TASK DIRECTIONS →
Write the entries out again. Every character must match.
** MATERIAL PROVIDED follows **
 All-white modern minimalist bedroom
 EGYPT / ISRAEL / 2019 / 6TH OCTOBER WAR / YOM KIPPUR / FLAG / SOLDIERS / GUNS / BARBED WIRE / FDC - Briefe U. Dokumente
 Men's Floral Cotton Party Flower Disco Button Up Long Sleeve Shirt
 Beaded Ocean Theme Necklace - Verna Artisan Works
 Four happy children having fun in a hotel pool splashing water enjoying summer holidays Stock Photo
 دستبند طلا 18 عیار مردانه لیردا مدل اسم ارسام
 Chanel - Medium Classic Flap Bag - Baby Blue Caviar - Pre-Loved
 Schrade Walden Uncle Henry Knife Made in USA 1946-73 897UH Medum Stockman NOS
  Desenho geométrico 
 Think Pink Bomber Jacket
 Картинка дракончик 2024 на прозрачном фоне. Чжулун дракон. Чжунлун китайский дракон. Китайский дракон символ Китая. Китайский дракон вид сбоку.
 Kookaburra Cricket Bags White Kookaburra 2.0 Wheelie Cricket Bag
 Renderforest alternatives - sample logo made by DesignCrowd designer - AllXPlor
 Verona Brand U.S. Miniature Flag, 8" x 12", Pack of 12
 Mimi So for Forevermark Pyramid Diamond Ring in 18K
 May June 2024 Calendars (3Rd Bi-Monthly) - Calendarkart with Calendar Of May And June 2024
** End of MATERIAL PROVIDED **
TASK RESPONSE →
 All-white modern minimalist bedroom
 EGYPT / ISRAEL / 2019 / 6TH OCTOBER WAR / YOM KIPPUR / FLAG / SOLDIERS / GUNS / BARBED WIRE / FDC - Briefe U. Dokumente
 Men's Floral Cotton Party Flower Disco Button Up Long Sleeve Shirt
 Beaded Ocean Theme Necklace - Verna Artisan Works
 Four happy children having fun in a hotel pool splashing water enjoying summer holidays Stock Photo
 دستبند طلا 18 عیار مردانه لیردا مدل اسم ارسام
 Chanel - Medium Classic Flap Bag - Baby Blue Caviar - Pre-Loved
 Schrade Walden Uncle Henry Knife Made in USA 1946-73 897UH Medum Stockman NOS
  Desenho geométrico 
 Think Pink Bomber Jacket
 Картинка дракончик 2024 на прозрачном фоне. Чжулун дракон. Чжунлун китайский дракон. Китайский дракон символ Китая. Китайский дракон вид сбоку.
 Kookaburra Cricket Bags White Kookaburra 2.0 Wheelie Cricket Bag
 Renderforest alternatives - sample logo made by DesignCrowd designer - AllXPlor
 Verona Brand U.S. Miniature Flag, 8" x 12", Pack of 12
 Mimi So for Forevermark Pyramid Diamond Ring in 18K
 May June 2024 Calendars (3Rd Bi-Monthly) - Calendarkart with Calendar Of May And June 2024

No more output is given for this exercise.